Caro direttore,
la discussa pubblicità dell’Esselunga mi ha ricordato l’impressione che mi fece il commovente tema di una mia alunna di liceo di diversi anni fa. Vi si leggeva il dolore di una ragazzina che non aveva mai accettato la separazione dei propri genitori. Ora si era abituata, ma il dolore permaneva. “È normale – mi dicevano da piccola – tante famiglie sono separate. Ma a me non me ne fregava niente degli altri. E non era normale”. Più o meno questo il contenuto. Lo spot dell’Esselunga ha messo in campo questo dolore, diffuso, diffusissimo.

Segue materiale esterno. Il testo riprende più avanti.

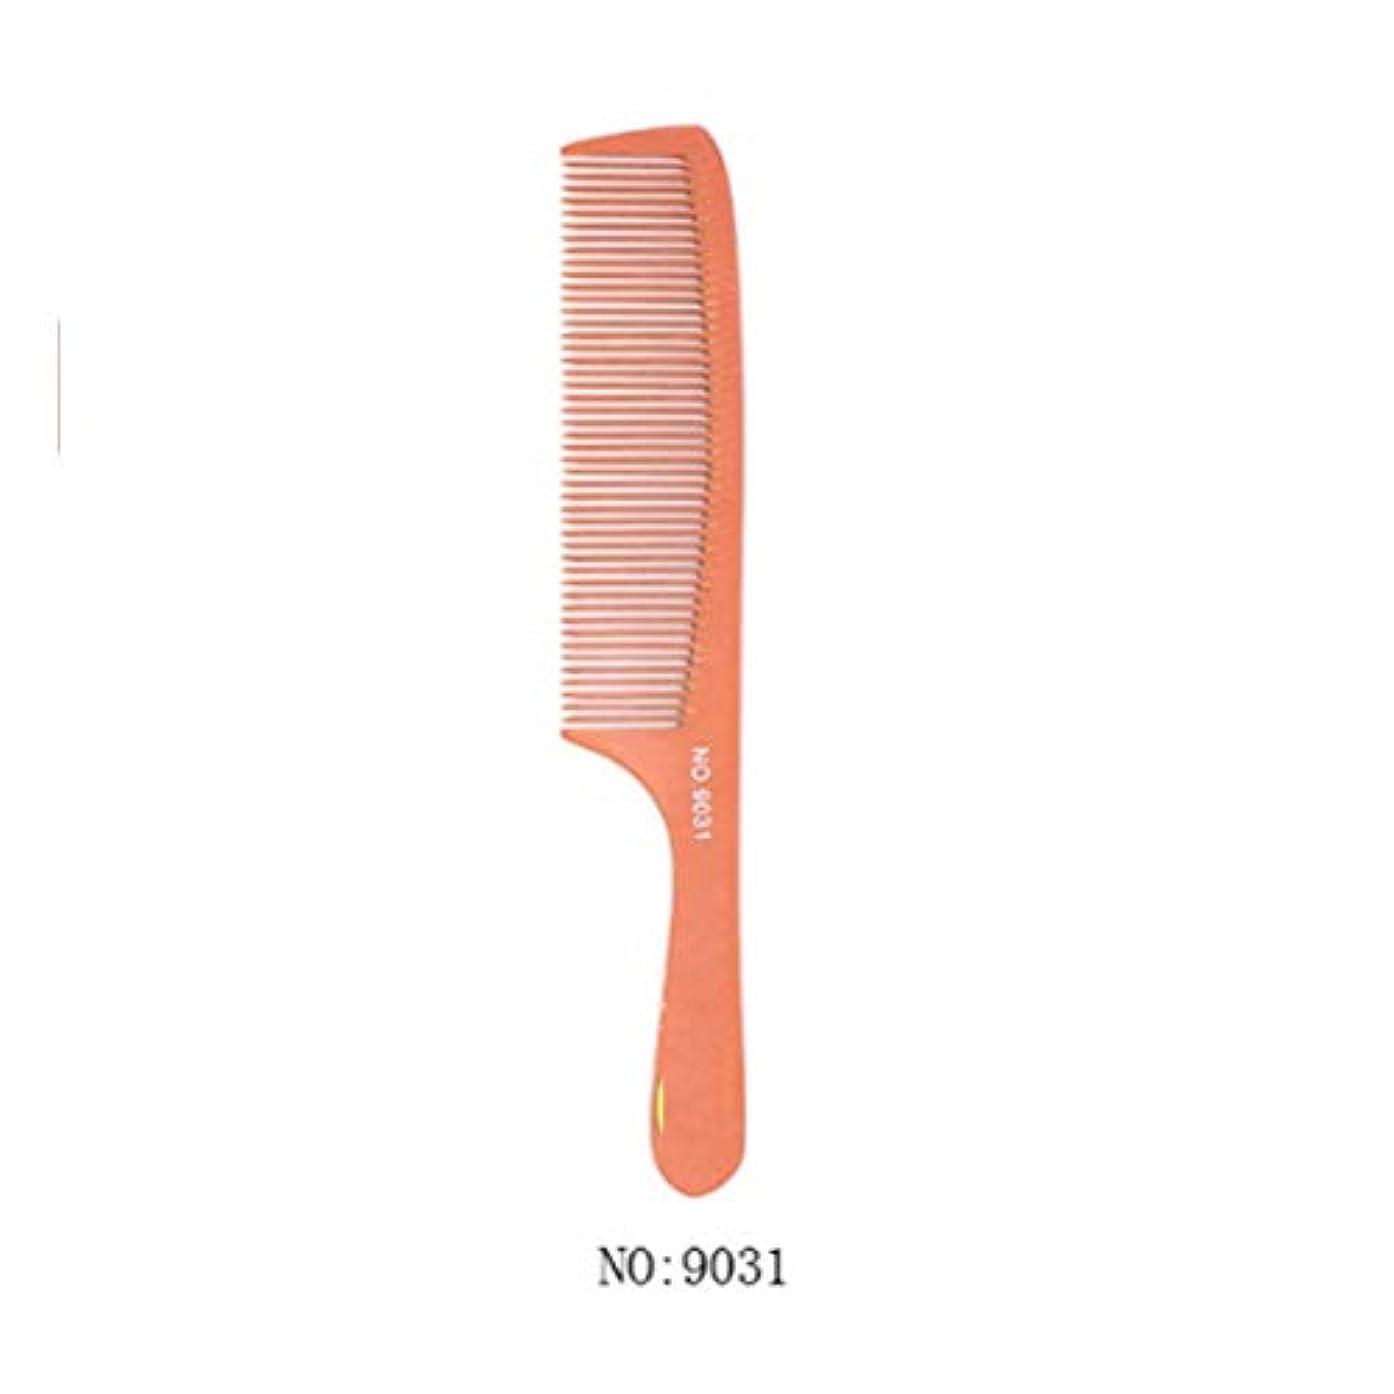 雷雨証明不要ひげそりの家族 - アンチスタティック&ノースラグ手作りブラシ - ひげ、頭髪、口ひげ (Design : 9031)

Ho sentito Bruno Vespa dirsi stupito perché in fondo quello spot parlava di una famiglia oggi “normale”. Che strani tempi i nostri! Una famiglia “normale” è quella che si spacca, che va in frantumi, che lascia ferite. Vespa ha ragione, ma forse si è espresso male, almeno lo spero: la famiglia dello spot oggi è forse statisticamente la più diffusa, in questo senso è “normale”. Se invece la definiamo “normale” in quanto tale, allora non ci intendiamo più e non intendiamo il dolore di una bambina o un bambino, e quel dolore di quella mia alunna.



Lo spot ha fatto discutere perché fa male. Tutto qui. Noi siamo quelli che si commuovono per i diritti delle minoranze (che in quanto tali sono poco percepibili, poco diffuse per definizione); o per i diritti dei lontani (che, a meno che non viviamo a Lampedusa o in zone di confine, non ci toccano più di tanto con le loro tragedie); oppure per i diritti degli animali (che non possiedono la profondità e la problematicità degli esseri umani e quindi ci permettono di essere molto umani senza tanta fatica e di sentirci pure buoni).

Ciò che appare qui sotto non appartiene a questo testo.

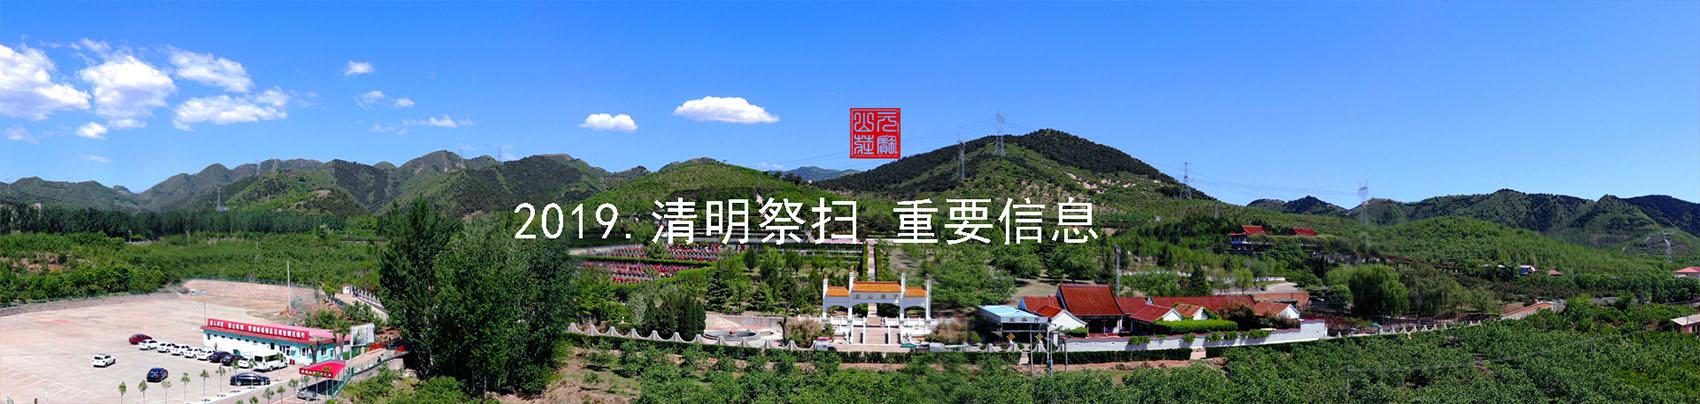 2019清明祭扫

Ma quello spot ci butta in faccia il dolore che è tra noi, nelle nostre famiglie, in quelle dei nostri parenti, amici, vicini di casa. Un dolore che vorremmo e vogliamo, se possibile, mettere con un colpo di scopa sotto il tappeto.

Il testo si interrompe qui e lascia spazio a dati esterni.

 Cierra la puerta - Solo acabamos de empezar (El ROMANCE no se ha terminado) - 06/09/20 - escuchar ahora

Il dolore di quella bambina è quello che ogni giorno chi insegna, soprattutto nella scuola primaria o secondaria di primo grado, deve affrontare, ed assiste a depressioni, insuccessi scolastici, svogliatezza. O più semplicemente vede rabbuiarsi improvvisamente due occhietti che poco prima brillavano spalancati con fiducia sul mondo.

Quello spot ci butta addosso il rimosso e mette in movimento il rimorso, cioè la pura e semplice realtà di una delusione atroce, di un sogno infranto. Siamo noi adulti, cinici e tristi, che imponiamo ai figli un sogno infranto, pretendendo addirittura che sia “normale”. E ammazziamo la speranza.

Quello spot ci butta di nuovo addosso una verità semplice semplice: i bambini ci guardano, ci studiano, si abbeverano a noi come a una fonte dove estinguere la sete. E quindi abbiamo una responsabilità da assumerci, noi che, eterni giovincelli, vogliamo vivere in un’irresponsabile felicità.

Tutto questo in uno spot. In un maledetto (o benedetto) spot pubblicitario, che improvvisamente ci ha rimesso di fronte il rimosso. Un rimosso che grida di essere non “normalizzato”, ma considerato ed accolto.